> _Data shown_
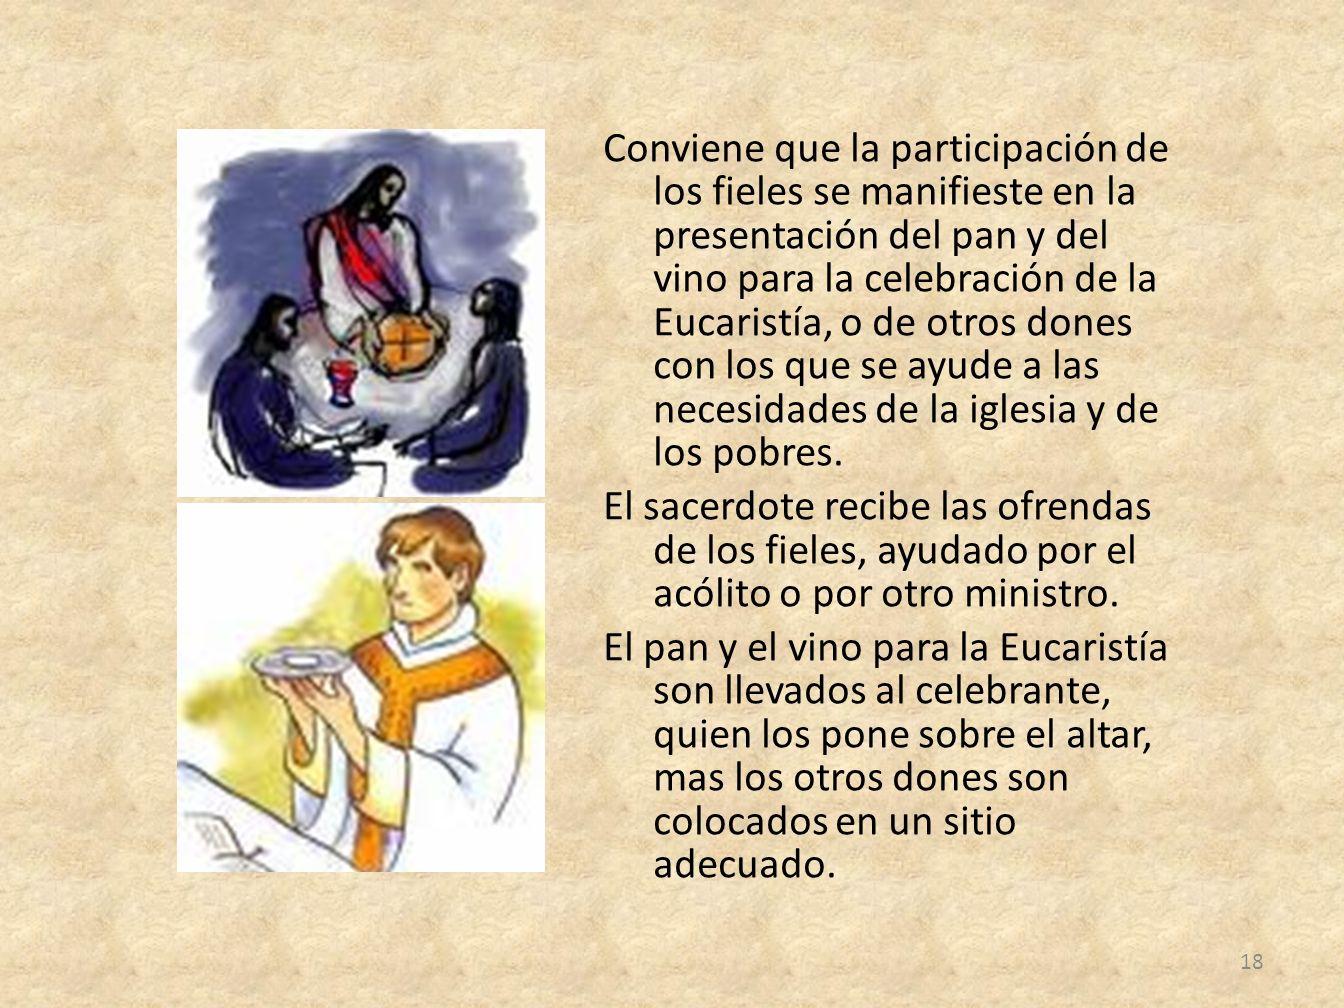 Conviene que la participación de los fieles se manifieste en la presentación del pan y del vino para la celebración de la Eucaristía, o de otros dones
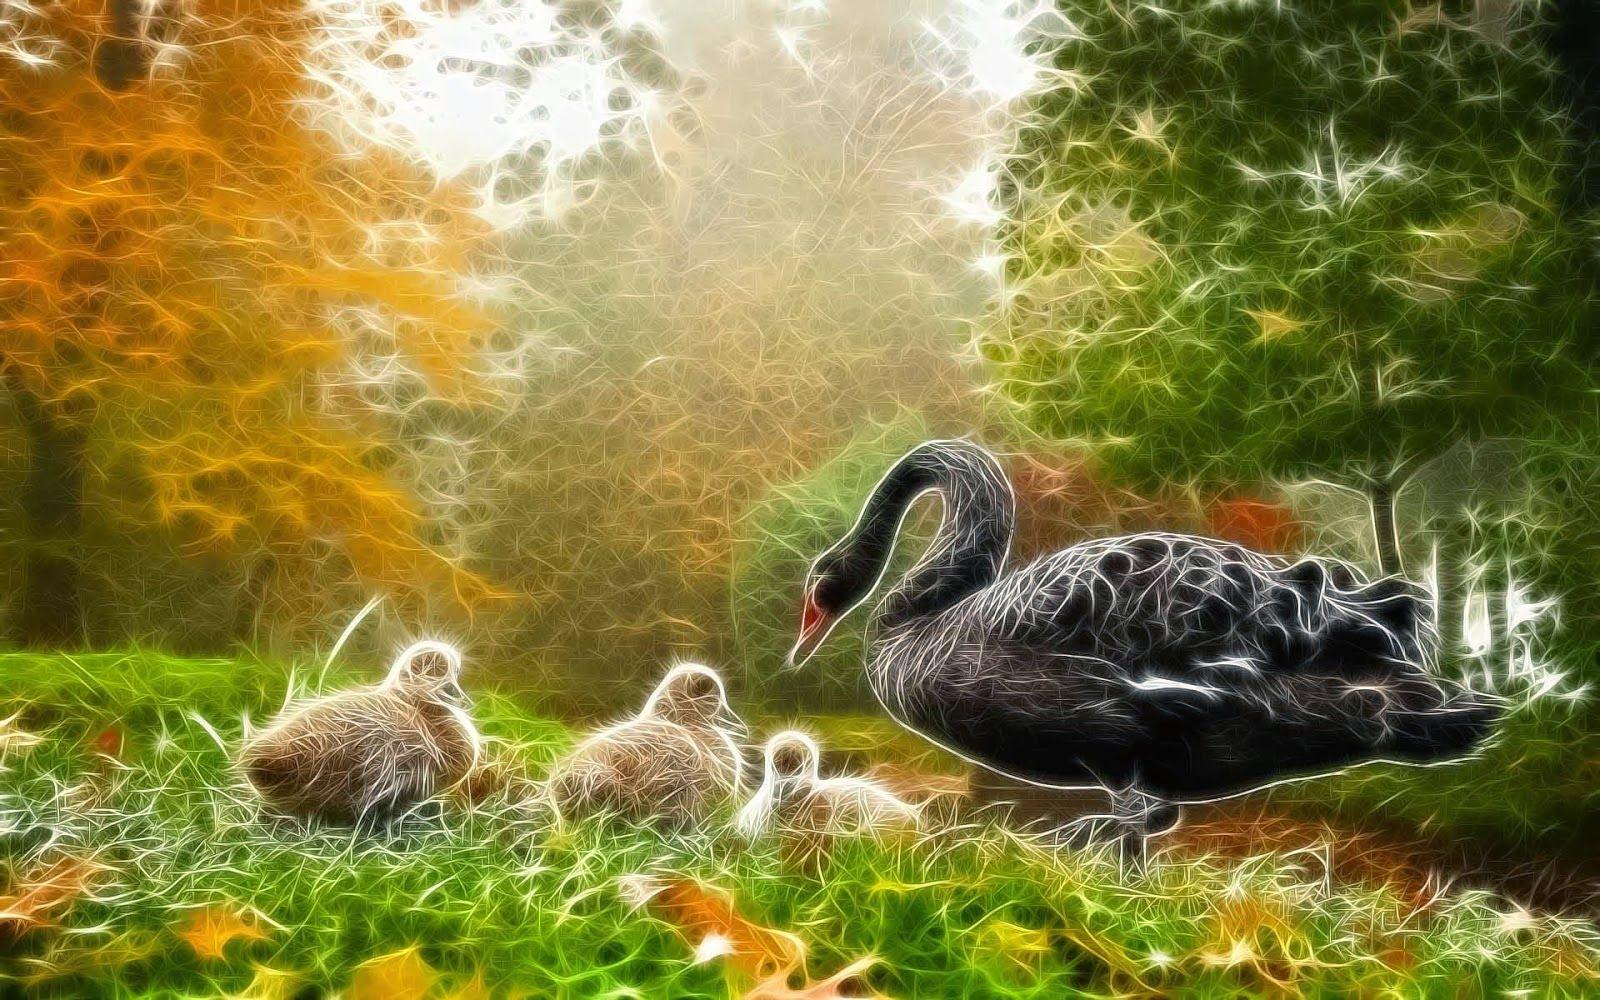 الرسم بالفوتوشوب من أجمل اللوحات معارض أجمل الخلفيات بالعالم Hd Background Blog Posts
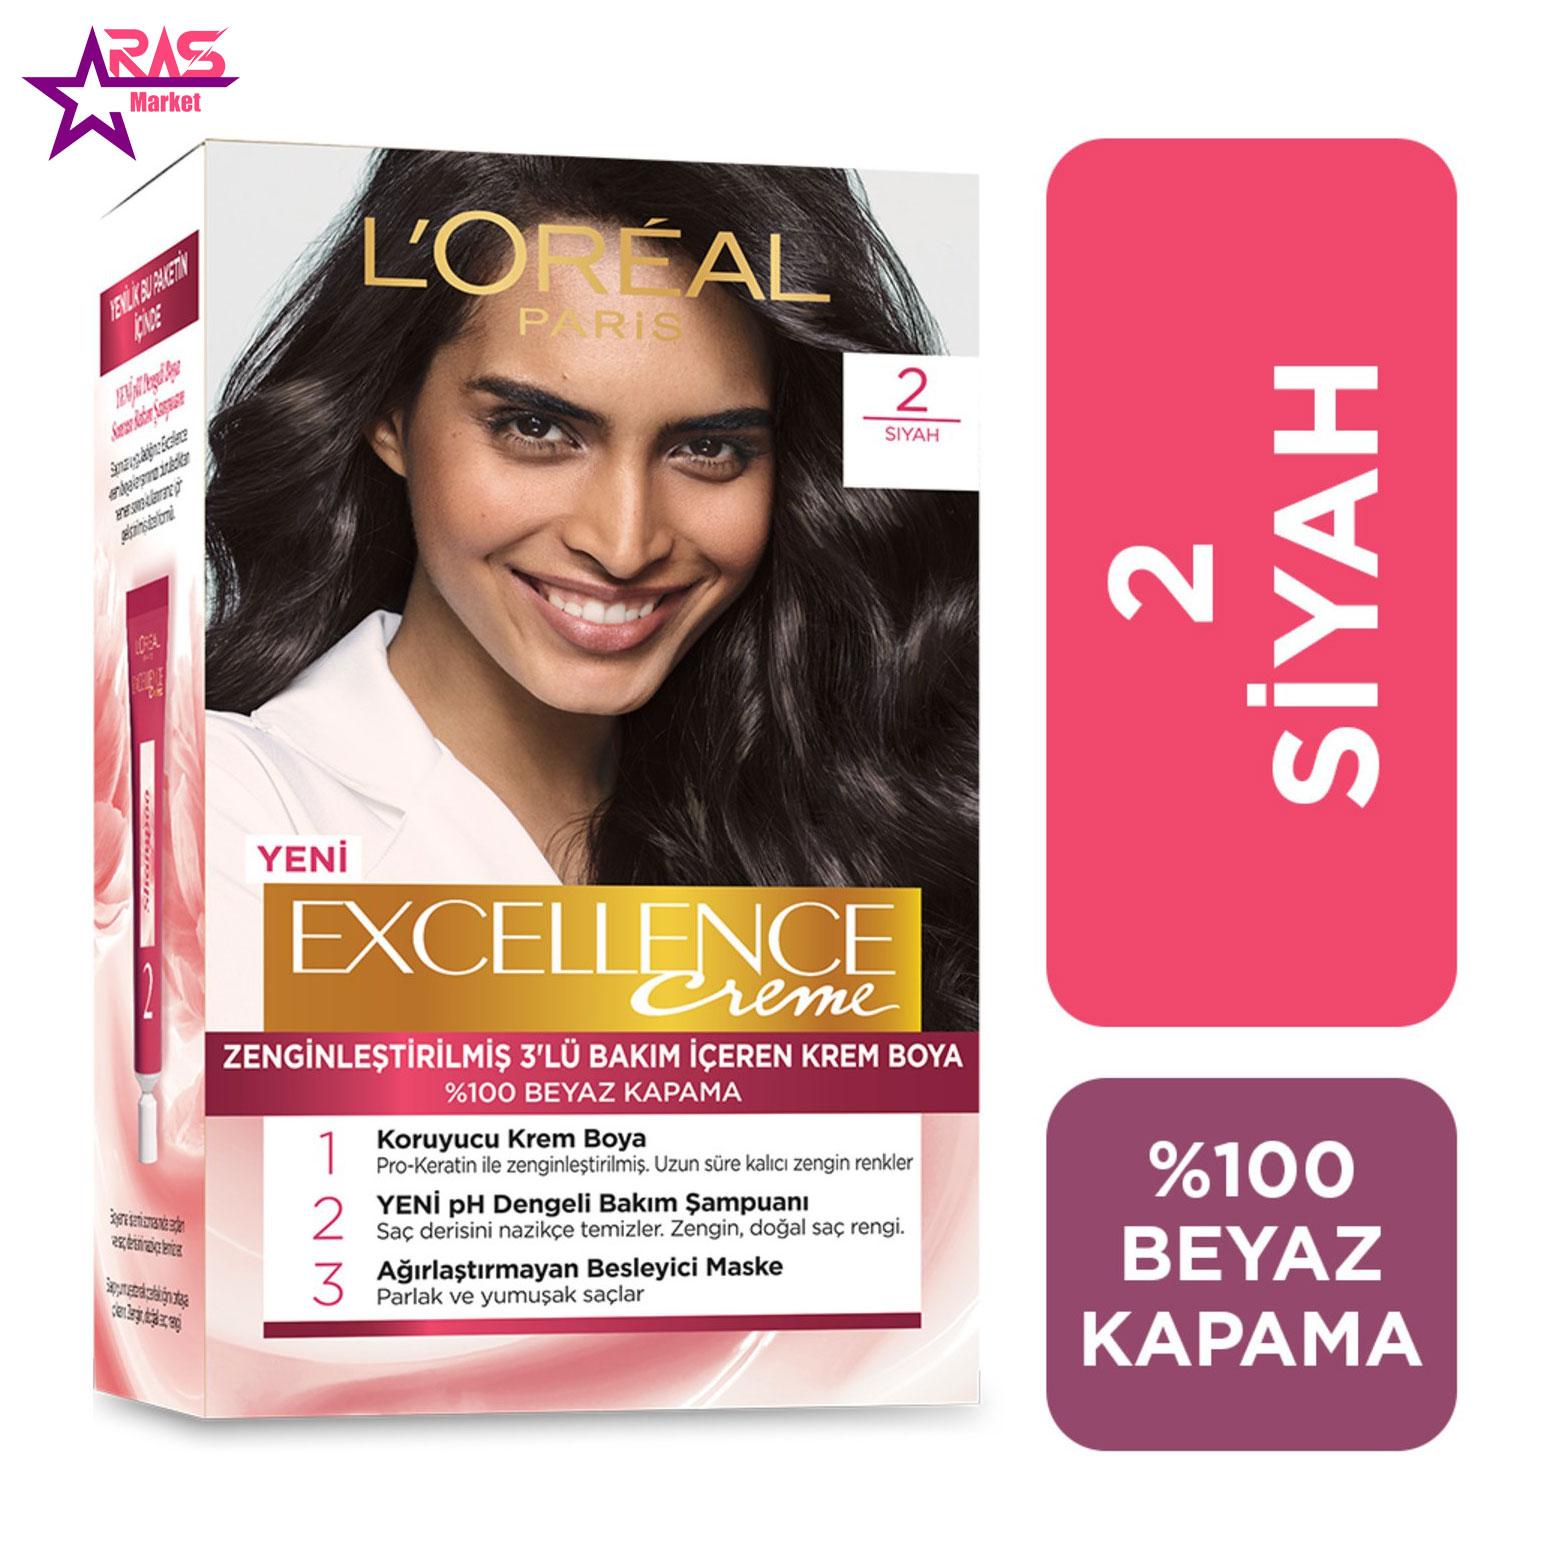 کیت رنگ مو لورآل سری Excellence شماره 2 ، فروشگاه اینترنتی ارس مارکت ، بهداشت بانوان

> _Directions for this task_
Your answer must be an exact copy of the listing, minus its pictures.

> _Answer space_
 Conviene que la participación de los fieles se manifieste en la presentación del pan y del vino para la celebración de la Eucaristía, o de otros dones
 الرسم بالفوتوشوب من أجمل اللوحات معارض أجمل الخلفيات بالعالم Hd Background Blog Posts
 کیت رنگ مو لورآل سری Excellence شماره 2 ، فروشگاه اینترنتی ارس مارکت ، بهداشت بانوان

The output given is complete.